The math is based on as­sump­tions though that with high un­cer­tainty, far out from the elec­tion, the best fore­cast is 50-50.

Not re­ally. The key as­sump­tion is that your fore­casts are a Wiener pro­cess—a con­tin­u­ous time mar­t­in­gale with nor­mally-dis­tributed in­cre­ments. (I find this funny be­cause Taleb spends mul­ti­ple books railing against nor­mal­ity as­sump­tions.) This is kind of a trou­bling as­sump­tion, as Lu­mifer points out be­low. If your fore­cast is con­tin­u­ous (though it need not be), then it can be thought of as a time-trans­formed Wiener pro­cess, but as far as I can tell he doesn’t ac­count for the time-trans­for­ma­tion.

Every­one agrees that as un­cer­tainty be­comes re­ally high, the best fore­cast is 50-50. Con­versely, if you make a con­fi­dent fore­cast (say 90-10) and you’re prop­erly cal­ibrated, you’re also im­ply­ing that you’re un­likely to change your fore­cast by very much in the fu­ture (with high prob­a­bil­ity, you won’t fore­cast 1-99).

I think the ques­tion to ask is—how much volatility should make you doubt a fore­cast? If some­one’s fore­cast varied daily be­tween 1-99 and 99-1, you might learn to just ig­nore them, for ex­am­ple. Taleb tries to offer one an­swer to this, but makes some ques­tion­able as­sump­tions along the way and I don’t re­ally agree with his re­sult.

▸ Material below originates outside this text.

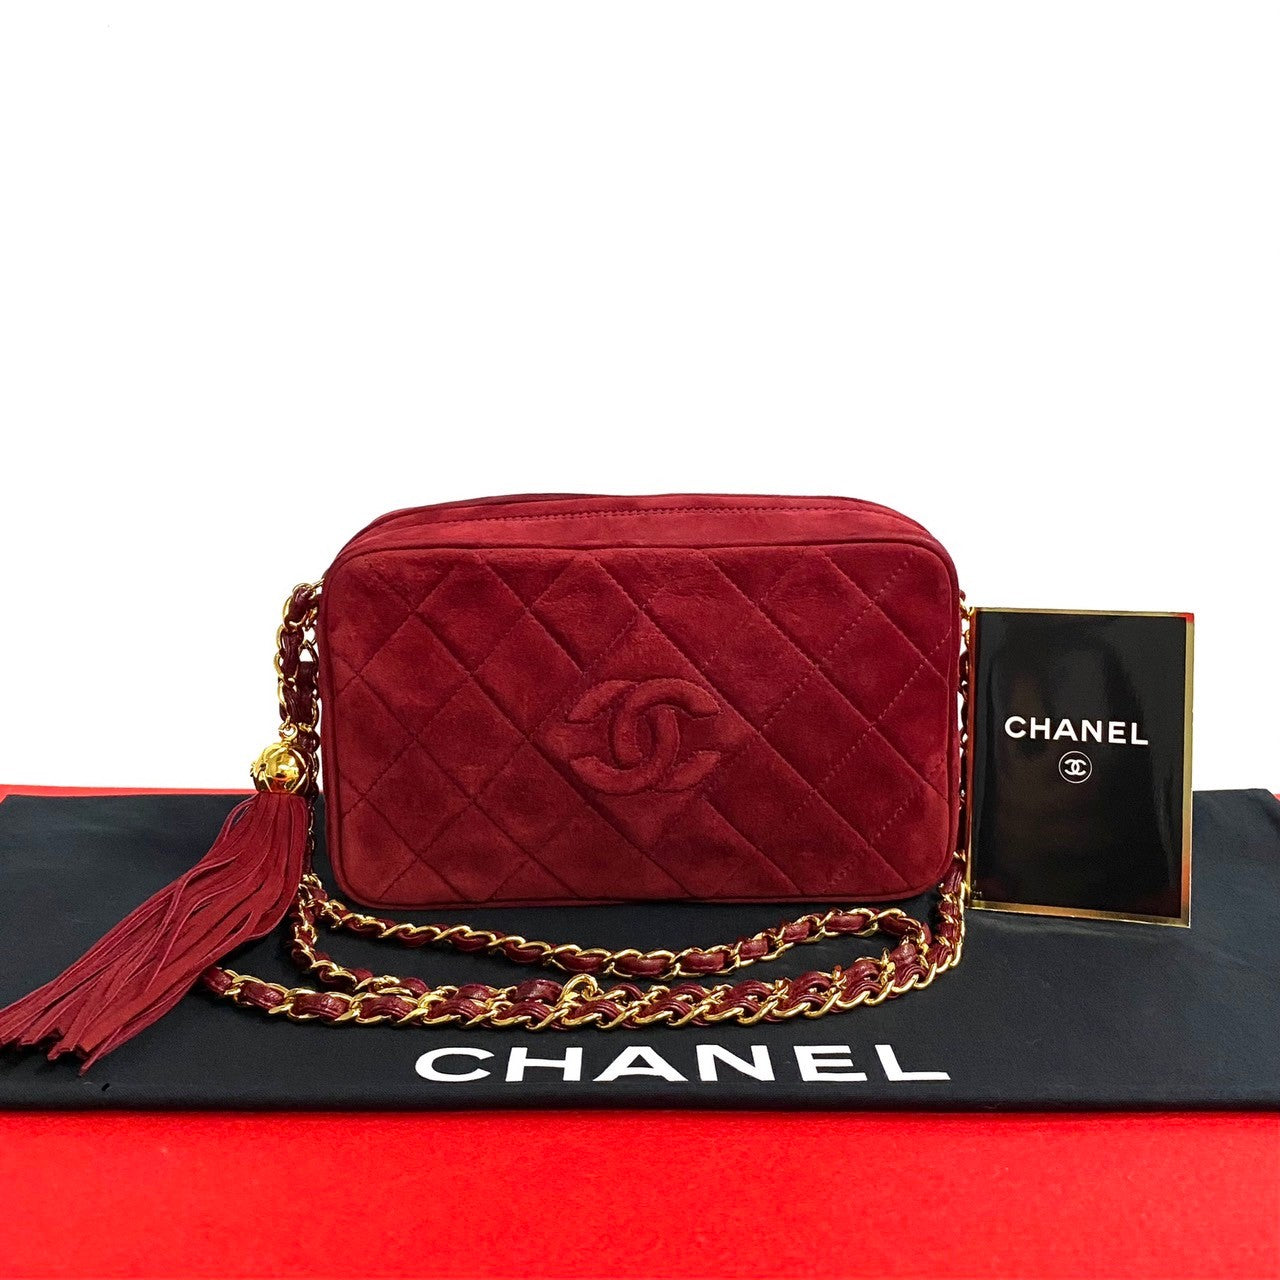 Chanel Matelasse Coco Suede Leather Tassel Chain Shoulder Bag Suede Shoulder Bag 51713 in Excellent condition

• We have the elec­tion es­ti­mate F a func­tion of a state vari­able W, a Wiener pro­cess WLOG

That doesn’t look like a rea­son­able start­ing point to me.

That’s fine ac­tu­ally, if you as­sume your fore­casts are con­tin­u­ous in time, then they’re con­tin­u­ous mar­t­in­gales and thus equiv­a­lent to some time-changed Wiener pro­cess. (EDIT: your fore­casts need not be con­tin­u­ous, my bad.) The prob­lem is that he doesn’t take into the time trans­for­ma­tion when he claims that you need to weight your sig­nal by 1/​sqrt(t).

He also has a typo in his state­ment of Ito’s Lemma which might af­fect his deriva­tion. I’ll check his math later.